China has won a proposal to end Taiwan’s participating as an observer at the World Health Assembly for the first time in eight years.
It came after a general committee of the assembly proposed to strike out Taiwan’s admission on to the WHA’s 71st meeting on Monday in Geneva.
China called Taiwan’s persistence to remain on the assembly “illegal and unreasonable” and against its “one-China” policy.
But Taiwan, a state of some 23 million people, has been on the assembly as an observer for the last eight years since 2009.
China said it allowed Taiwan’s participation on the basis of a political arrangement which has been taken by a new government.
The status of Taiwan as an independent state or as a territory of China has been the source of controversy.
Delegates from both the Marshall Islands and St Vincent in the Grenadines backed Taiwan’s admission.
Marshall Islands insisted Taiwan’s inclusion was “about global health and human safety, not politics”.

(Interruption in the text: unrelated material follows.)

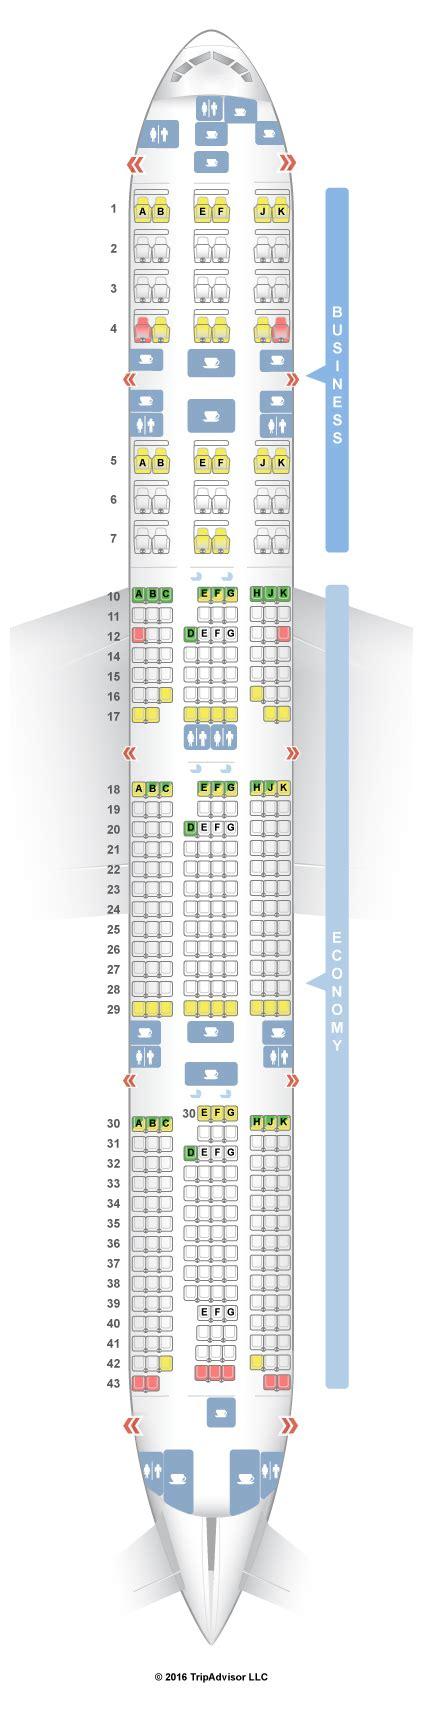 plan si鑒es boeing 777 300er seatguru seat map qatar airways boeing 777 300er 77w v1

Taiwan acquires health and safety information often late, and its contact point is not listed on the WHA site—an arrangement that impairs information passage, the Marshall Islands argued.
It insisted Taiwan missed out on opportunity to learn technical information.
“Let’s not leave 23 million people of Taiwan behind,” Marshall Islands argued.
For long, Taiwan has existed in international meetings—attending the World Health Assembly for eight years—under the label “Chinese Taipei”.
The Grenadines insisted previous invitation to Taipei served as basis for its recognition at the assembly and that Taiwan’s observer status did not contravene the “one China” policy.
Pakistan’s support of one-China policy helped quash Taiwan’s admission after it backed what it called “efforts to safeguard China’s sovereignty and territorial integrity.”
It condemned efforts of Taiwan and its supporters to introduce “divisive issues” using what it called “self-serving moves to undermine WHA efforts.”
It said the Taiwan issue was “wasting time and resources on petty politics.”